Mars mapping with delay‐Doppler radar

Abstract

Mars radar imaging results from Arecibo 12.6‐cm observations are presented. The images were derived from delay‐Doppler mapping using a coded‐long‐pulse technique to mitigate the effects of echo overspreading. Images of the depolarized echo are used to identify regions of high decimeter‐scale roughness. Some of the strongest echo features are located on the major shield volcanoes or on relatively young off‐shield flows such as the Olympus and Pavonis lava aprons. The shields themselves have highly irregular radar signatures suggesting complex volcanic histories. Some Mars radar features have twice the depolarized brightness of the roughest terrestrial lava flows, apparently due to higher levels of multiple scattering from surfaces of spectacular roughness or from volume scattering. Low‐brightness (smooth) areas are associated with older surfaces such as fractured and highland terra, as well as with terrain interpreted to be debris lobes, ash flows, and aureoles; in particular, a close connection was found between the 12.6‐cm counterpart of the “Stealth” feature and the Medusae Fossae Formation (postulated to be deep ignimbrite deposits).
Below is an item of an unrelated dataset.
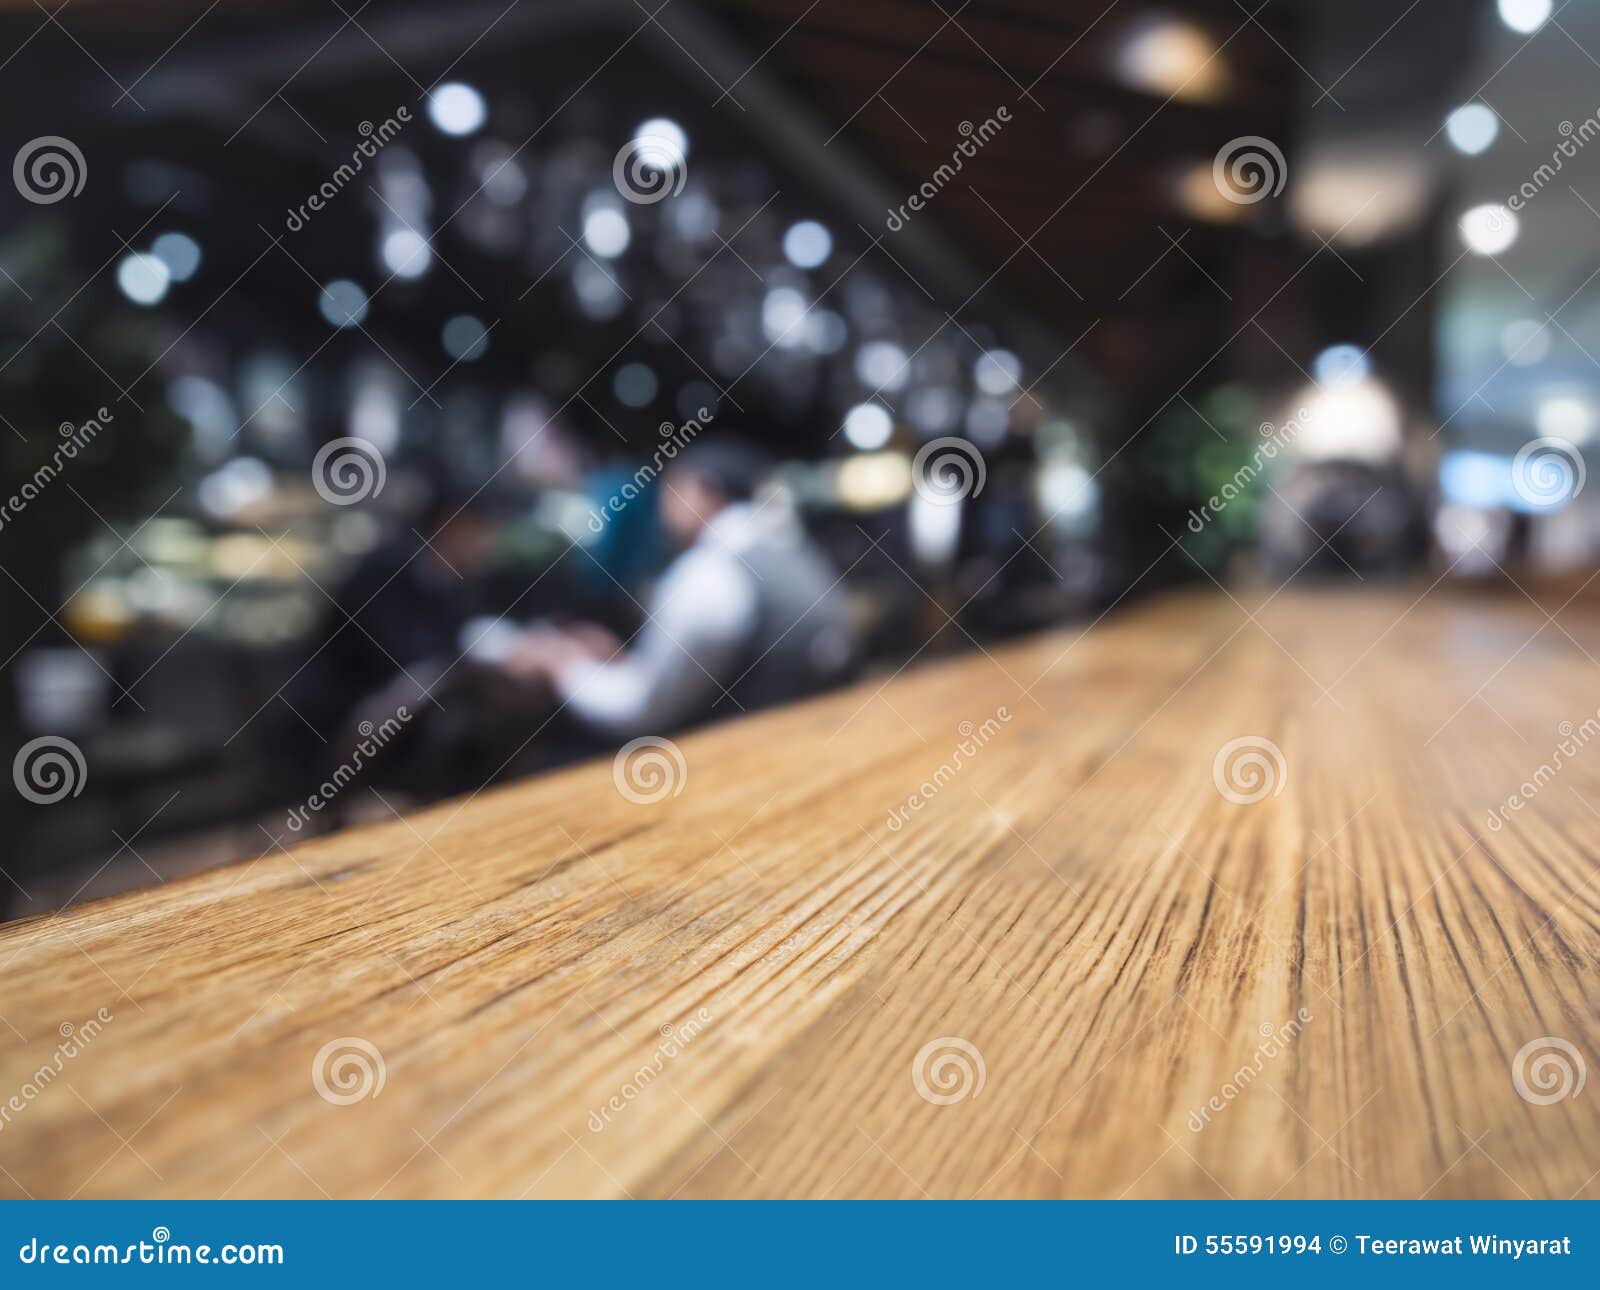 Table Top Counter Bar Restaurant Background With Bartender Stock Photo  55591994 - Megapixl

Marte Valus is anomalous in being the only outflow channel showing strongly enhanced echoes, which supports the idea that this channel and the Elysium Basin that it drained are filled with lava flows. A weak radar feature was found for the south polar residual ice cap. Comparisons with Goldstone 3.5‐cm data show that the south polar enhancement is much weaker at 12.6 cm than at 3.5 cm, indicating that the southern ice cap becomes optically thin at the longer wavelength. A north polar enhancement has also been found, which is comparable in strength to the 12.6‐cm south polar feature.